This beautiful soul with my husband is one of my favorite people in the entire world. And I know a lot of people all over the world.
This man, let’s call him the English name Jared, hugging Richard is one of the FIRST men that ever walked into our soup kitchen in Poznan, well over a decade ago. LONG before I even had my first child (and she is a decade plus 2).
In fact, after we returned with Adelyne to Poznan/Poland, at around 5 weeks old, bringing her to our soup kitchen around 6-10 weeks old, HE was actually one of the first to hold our baby. At our soup kitchen. In Poland. It was the Holy Start soup kitchen (HS closed a couple years ago).
This beautiful soul that ALWAYS brightened my every day that I saw him…He is now the AMAZING volunteer at an unbelievable SOUP BUS located in Poznan, Poland, with the charity christianer.org … (find them on Facebook—it will BRIGHTEN your life)
Isn’t it AWESOME how you can watch one man go from served to SERVING!
Life — in full circle — makes my heart burst with joy. Tears. Happiness. And just an overwhelming sense of #itiswell .
It truly is.
It is well, with my soul.
Jared reminds me of that!
May Jared be your reminder to always invest in the beauty and hearts of others. Your full circle will come. And it IS worth it!
It’s fitting that today, as we work in Kalisz to raise money for precious children fighting for their lives, that this blog memory popped up on my Facebook page: Campaign THEM!
Here’s a portion…I really hope that you will read more and be encouraged! xoxo b
…I studied Special Education in college. When I became a teacher and it was time for the awards ceremony at the end of the year, I realized that none of my students would ever receive a special award from the school based on the school’s criteria. After all, the school demanded great grades, superb attendance, active participation in school functions/sports/clubs/so forth, wonderful behavior. As the list went on and on and on I realized that not a single student of mine would meet any of that criteria.
Because—they were crack babies or FAS kids. They suffered from brain damage or constant epileptic seizures. They had such severe learning disabilities that they couldn’t even read or spell rat/cat/bat/fat in the 7th grade. Some smelled so badly, it was required they took showers upon entering school premises in the nurse’s office for their sakes.
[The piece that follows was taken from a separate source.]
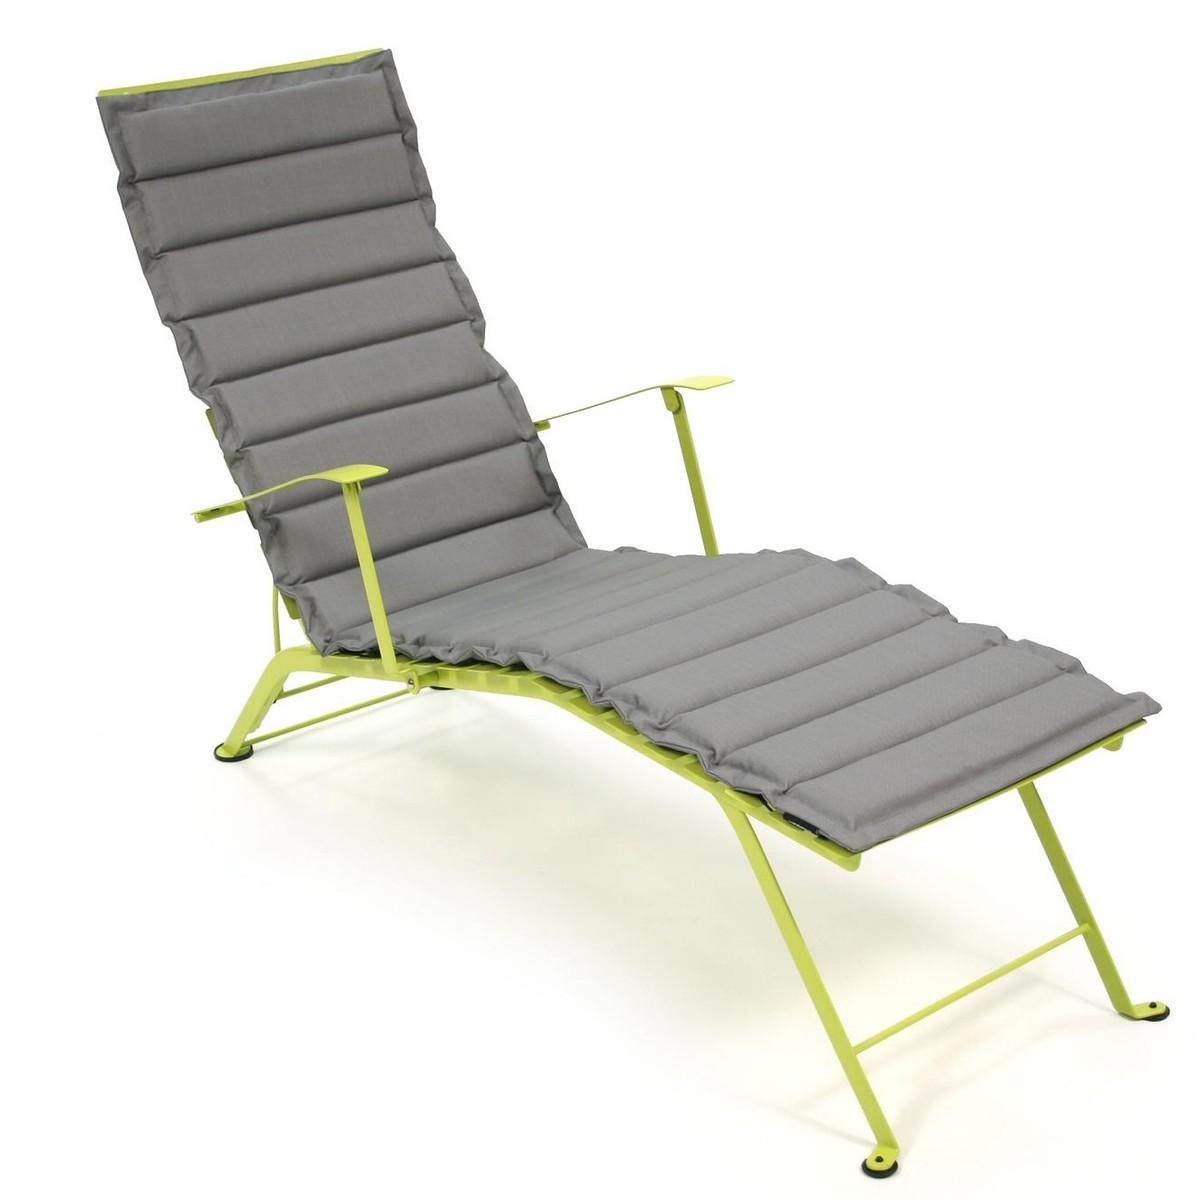 Bistro sun lounger cushion fermob for Matelas chaise longue jardin

And, to be honest, the behavior of many of them was more gangster than Dangerous Minds.
Yet, to me, each and every one was so extremely and uniquely special. Don’t get me wrong. Many afternoons, when the school bell dismissed the swarm of teenagers, I sat behind my desk crying—amazed that I made it through another foul language-laced day filled with fights and security escorting students from my room. There were even times I wondered if the student was going to or planning on harming me.
And, still, each and every student remained special. Somehow, in some way, I was able to look beyond what they had become to what they could potentially have in store. In a sense, I felt as if I was the only one at times to think this way…
If you read my title you would see that it says, “30 tons of food given by the homeless to the not homeless. Confused much?”
Let me explain. We have a beautiful center that is a transitional home for men from the streets of homelessness, men out of prison but would be on the streets of homelessness if not for our center, or men out of rehabilitation but still without a home.
It is a beautiful home. It is blue. It lies on property in a very small village and has a trickle of a creek that runs at the base of the property.
We love this center. We love this home. We love the men that come and go. And the new men that come. Then go. And then the new men that come. Then go.
Let me emphasize this again. It is beautiful.
You see, the New Life Center is not meant to be a shelter. It is meant to be a rescue. But a rescue that teaches. It teaches the men that enter the door to become men of great pride, education, skill, talent, and worth.
And it teaches these men that although they were raised in homes of abuse. Although they spent too much of their lives in and out trouble. Although they once thought their only love was a substance that tried to take their very life…The New Life center teaches these men that they are worth far more than their pasts.
They are beautiful. And they are worth much.
And because of these things, by the grace of God, they learn that this beauty that they behold should also be used for the sake of others.
You see, the men at the New Life Center help distribute over 30 tons of food to the surrounding village and communities every year. That over 66,000 pounds of food a year (long ton). These men that were formerly homeless, formerly prisoners, and formerly addicts are learning while at the center how to give and serve and help others around them in need.
They go every week and pick up food donations. They bring these donations back to the Center. And then they distribute the food accordingly all over the village and surrounding communities. To the poor. To the elderly. To the children.
Do you want to know what is especially ironic in this situation?
When we first bought the New Life Center, the community was very upfront about how they DID NOT want us there. They DID NOT want the center to open. They DID NOT want any of it.
Today the very men that they battled to keep away are humbly serving them. Their families. Their children. Their parents in need.
Now we have become a community of blended love. Men from streets of homelessness and families of villagers. Everyone working hard to survive.
There’s nothing confusing about that.